WHAT TO WORK ON | Every line in the data below from the one containing "Die Schlacht der" down to the one containing "Jvl Catering Round", both included, must be retyped exactly; no other line is to appear.
Segment Start: DATA TO USE
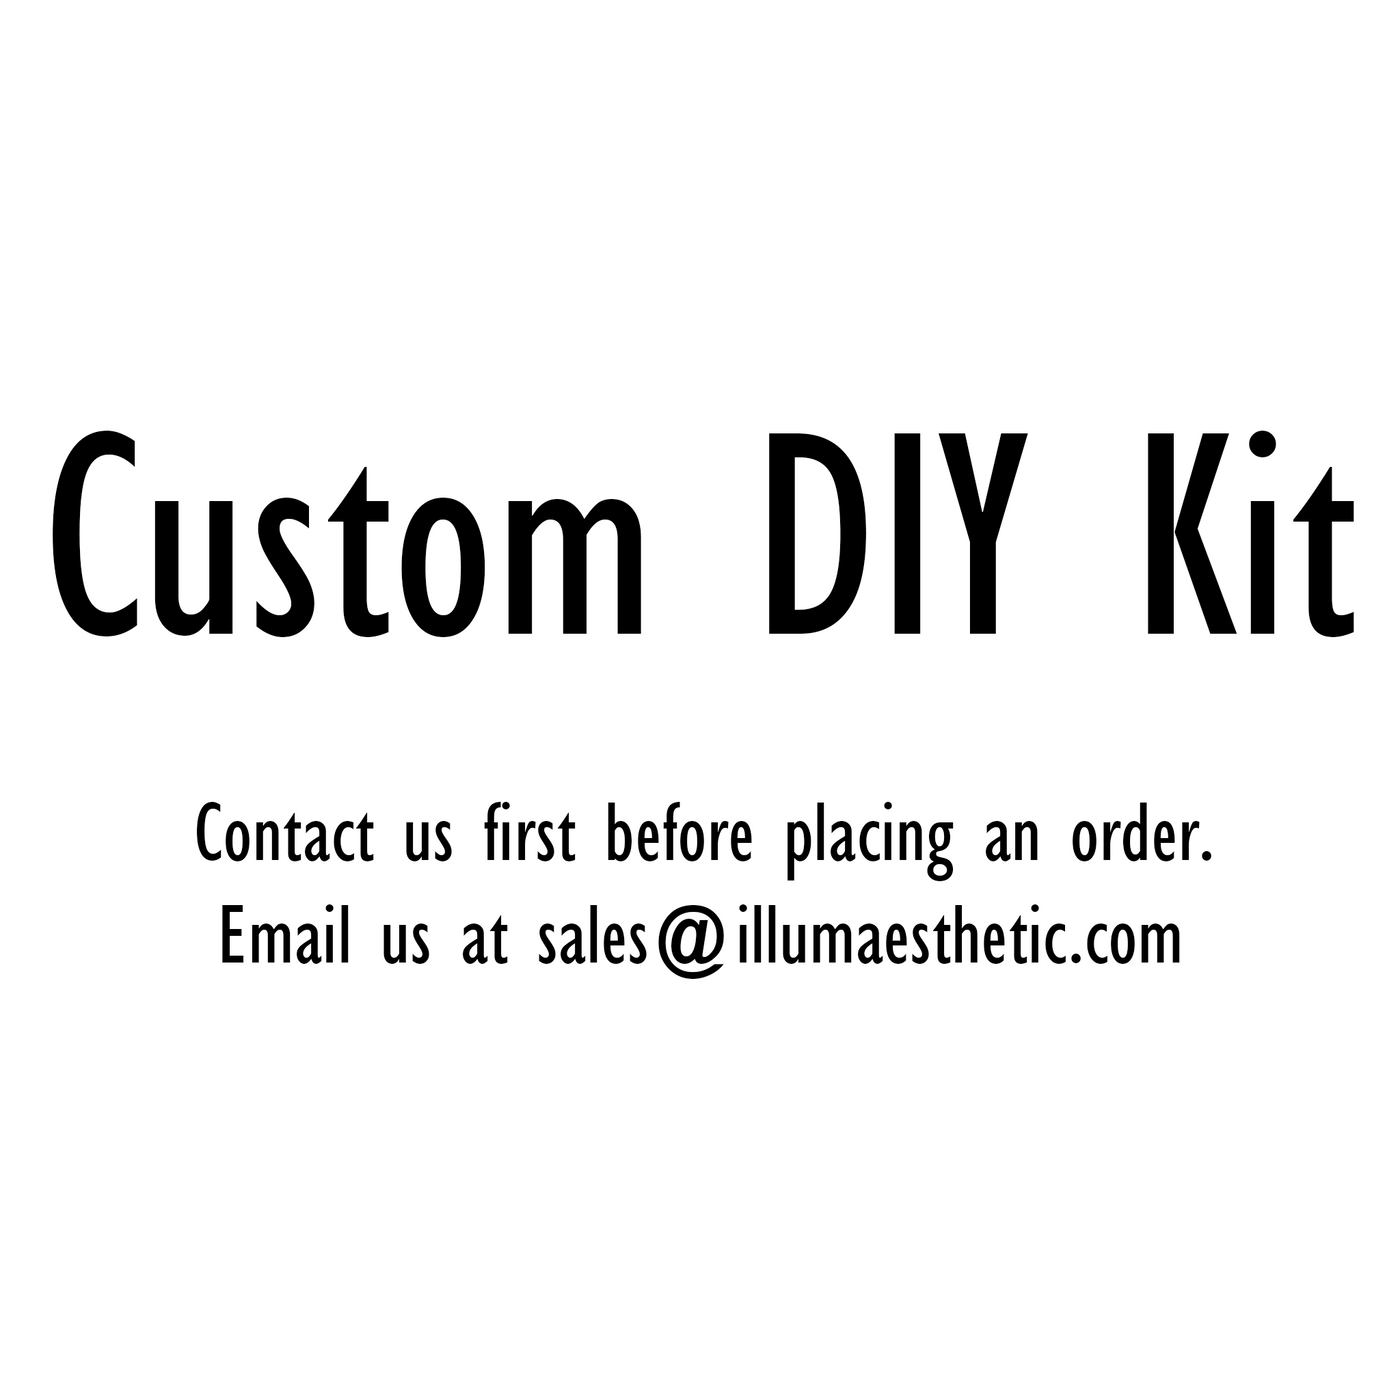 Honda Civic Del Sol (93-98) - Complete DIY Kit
Segment End: DATA TO USE
Segment Start: DATA TO USE
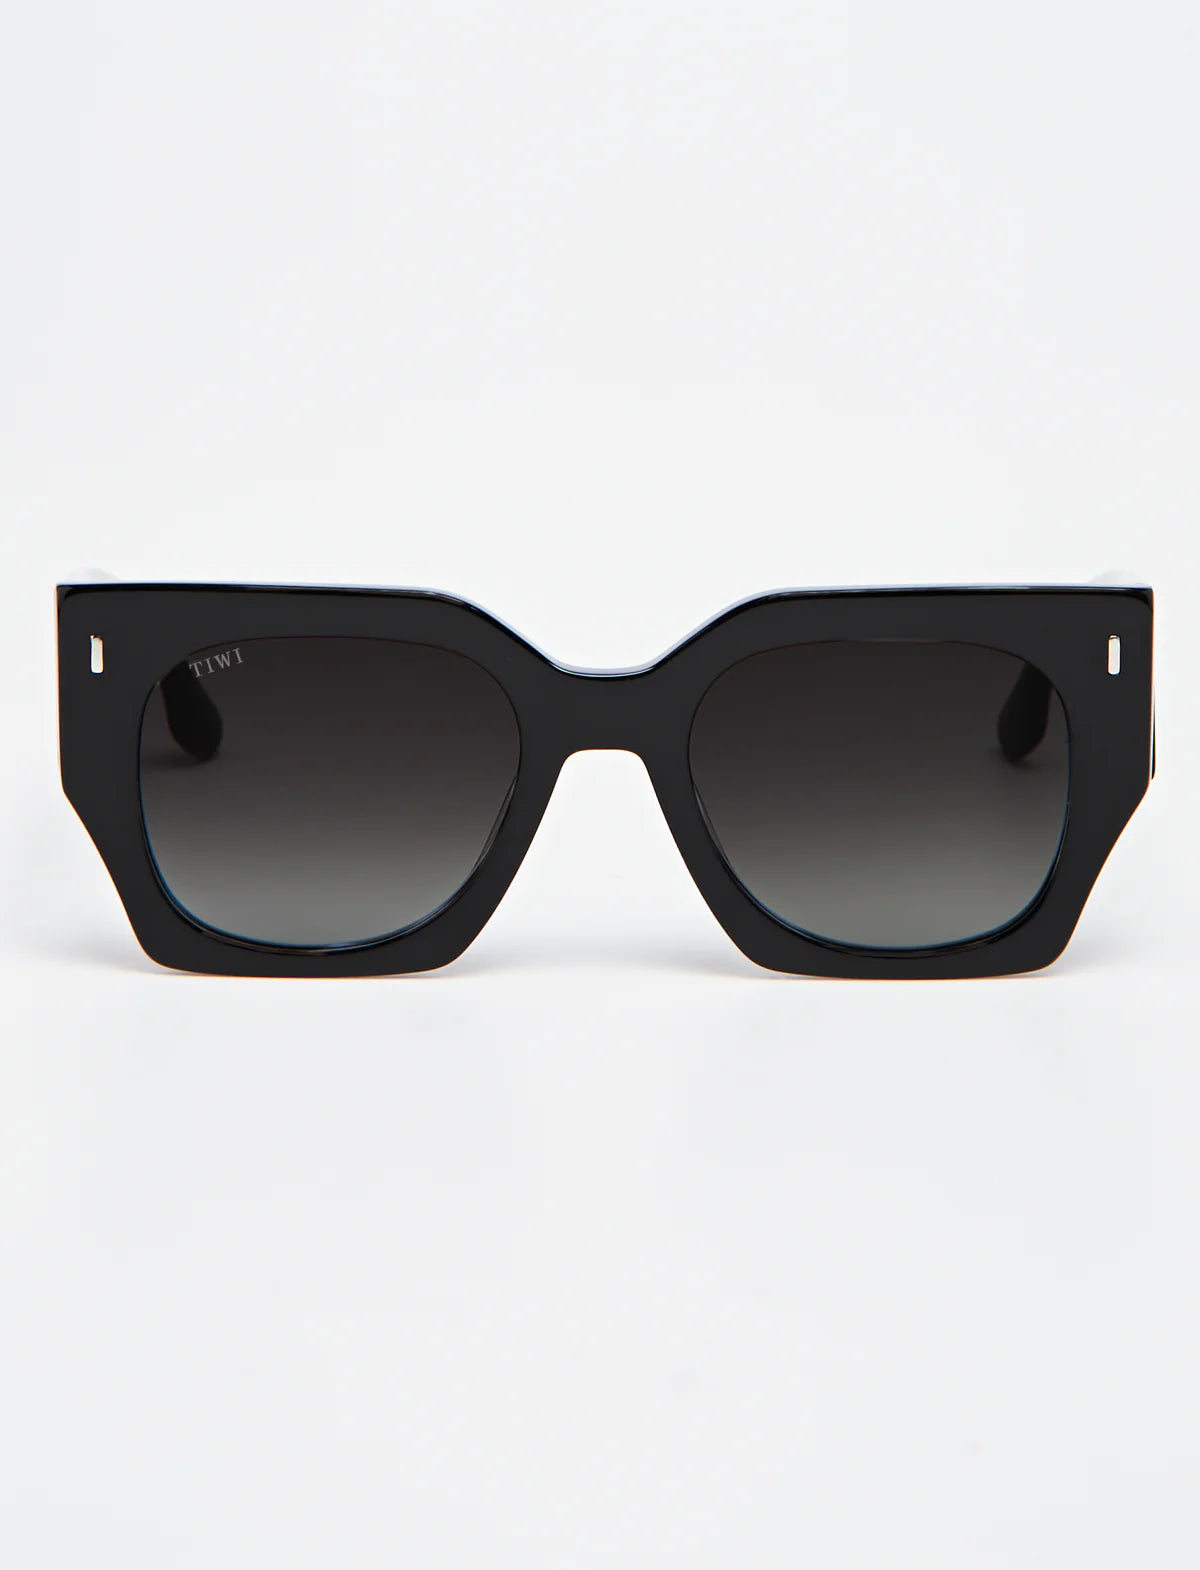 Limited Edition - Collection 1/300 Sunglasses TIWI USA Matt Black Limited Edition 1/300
Segment End: DATA TO USE
Segment Start: DATA TO USE
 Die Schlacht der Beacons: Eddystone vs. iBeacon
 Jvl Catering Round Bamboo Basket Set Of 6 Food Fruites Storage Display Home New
Segment End: DATA TO USE
WRITTEN RESPONSE |
 Die Schlacht der Beacons: Eddystone vs. iBeacon
 Jvl Catering Round Bamboo Basket Set Of 6 Food Fruites Storage Display Home New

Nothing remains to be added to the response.